Elle assure que ses parents connaissaient Gurdjieff avant sa propre conception (en Russie probablement, voir plus bas). Elle prétend être allée souvent à Fontainebleau, où Gurdjieff avait installé son académie : « Je me souviens très bien le premier jour où mon père et moi y sommes 'T' allés » (aïe!). Elle quittait le couvent les mercredi soirs et « s'acheminait vers Gurdjieff, (correct mais innemployé) à Paris, pour assister aux lectures de Mme De Salzmann.

 

Elle était toujours en retard. Les gens étaient assis par terre en « Lotus position » (anglo-saxonisme).. Un jour il aurait même essayé de l'embrasser elle l'a repoussé et il « s'est en-allé dans la pièce à coté » (s'en-est-allé aurait été plus correct) et leur a donné deux grosses poignées de bonbons...

 

Écoutez le mp3 (Quick Time).

 

 

*G.-I. Gurdjieff, par Julien Darmon dans Nouvelles clés : Figure hautement charismatique de la première moitié du XXe siècle, on a dit de Georges Ivanovitch Gurdjieff énormément de choses ; mais nous ne savons rien. La période la plus environnée de merveilleux, est sa jeunesse à travers ses récits allégoriques et burlesques.

 

Né, vers 1866 dans le quartier grec d’Alexandropol (Arménie russe), de 1885 à 1907, Gurdjieff parcourt le monde ancien, de la Crète au Tibet, en quête de spiritualité. Il fréquente les “derviches tourneurs” ; les bektashis, du Kurdistan ; les yézidis, “adorateurs du diable” ;. Gurdjieff se réclame cependant de la “confrérie des Sarmoung”, fondée à Babylone, dont il aurait retrouvé la trace dans des manuscrits d'un monastère d’Ani, antique capitale arménienne. L’existence de ce groupe n’est attestée que par lui-même.

 

À partir de 1908, il s’installe en Russie. D’une part il se livre à des commerces divers : tapis, caviar, bétail... De l’autre il se présente sous les traits d’un instructeur en sciences surnaturelles. Il élabore son propre système philosophique et symbolique et attire un cercle de disciples : l’écrivain Ouspensky ; le médecin Stjoernval et son épouse ; le compositeur Thomas de Hartmann et son épouse Olga ; Alexandre et Jeanne Salzmann ; le mathématicien Andrei Zaharoff.

 

En 1922, il fait acheter, à Fontainebleau, Le Prieuré des Basses-Loges où se rassemblent quantité d’élèves et une foule d’émigrés russes.
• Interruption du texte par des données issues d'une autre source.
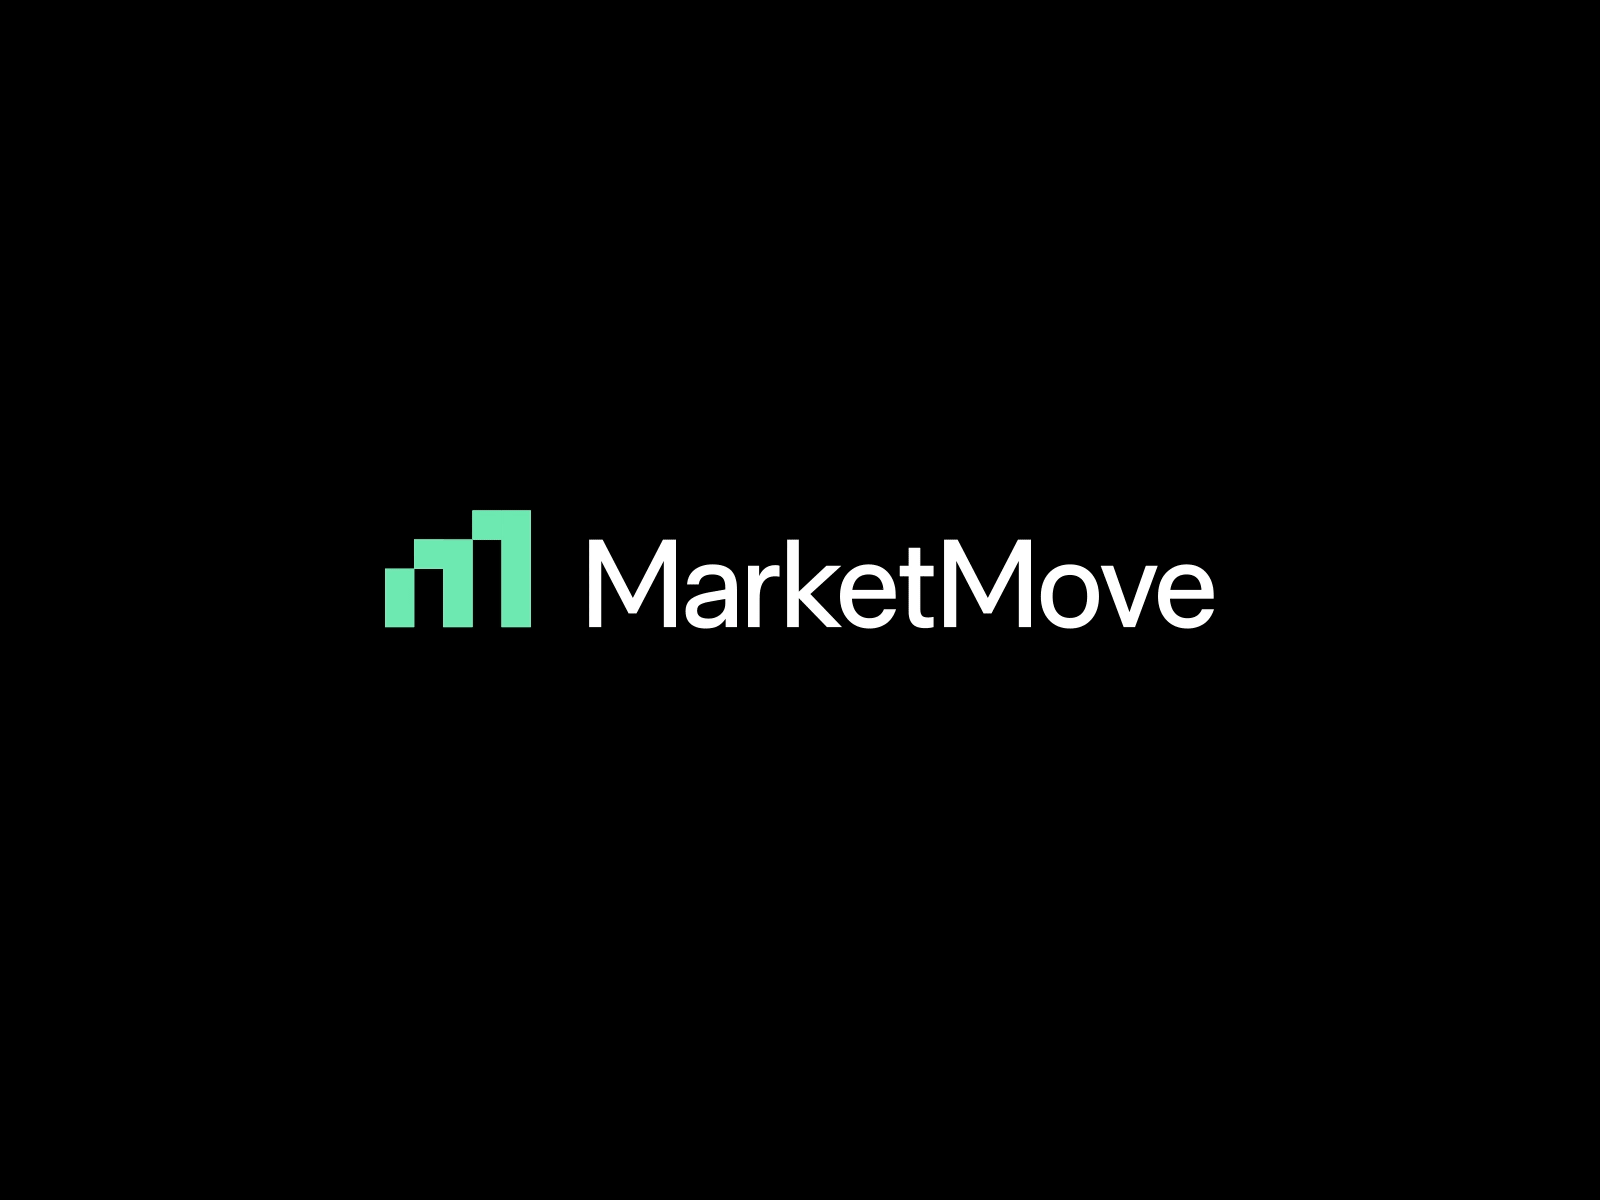 MarketMove animated logo

Alfred Richard Orage, un autodidacte britannique fondateur de la revue New Age, et Katherine Mansfield, écrivain néo-zélandaise qui y decedera.

 

L’enseignement de Gurdjieff est simple : l’être humain, dans son état de veille habituel, est en sommeil. Il n’est fait que de moi-s éparpillés et contradictoires qui se manifestent au gré des circonstances. Gurdjieff, définit quatre voies pour parvenir à la conscience : la voie du fakir, le corps ; la voie du moine, les émotions ; la voie du yogi, l'intellect ; et la “voie de l’homme rusé”, qui contrairement aux trois premières, n’exige pas de se retirer du monde, mais d'effectuer un travail de détachement, au sein même de la réalité quotidienne. Le travail trouve son expression la plus complète dans les danses symboliques inspirées des rituels soufis.

 

Après la fermeture du Prieuré, en 1935, Gurdjieff s’installe à Paris. Là, dans son petit appartement, il inaugure le rituel, du « toast aux idiots » - Dieu étant l’Unique Idiot. Georges Ivanovitch Gurdjieff meurt, le 3 novembre 1949. Ses deux œuvres majeures, les Fragments et le Belzébuth, ne parurent que l’année de sa mort, son enseignement fut essentiellement oral. Son influence musicale se fait sentir à travers De Hartmann et Schaeffer, le fondateur de la musique concrète.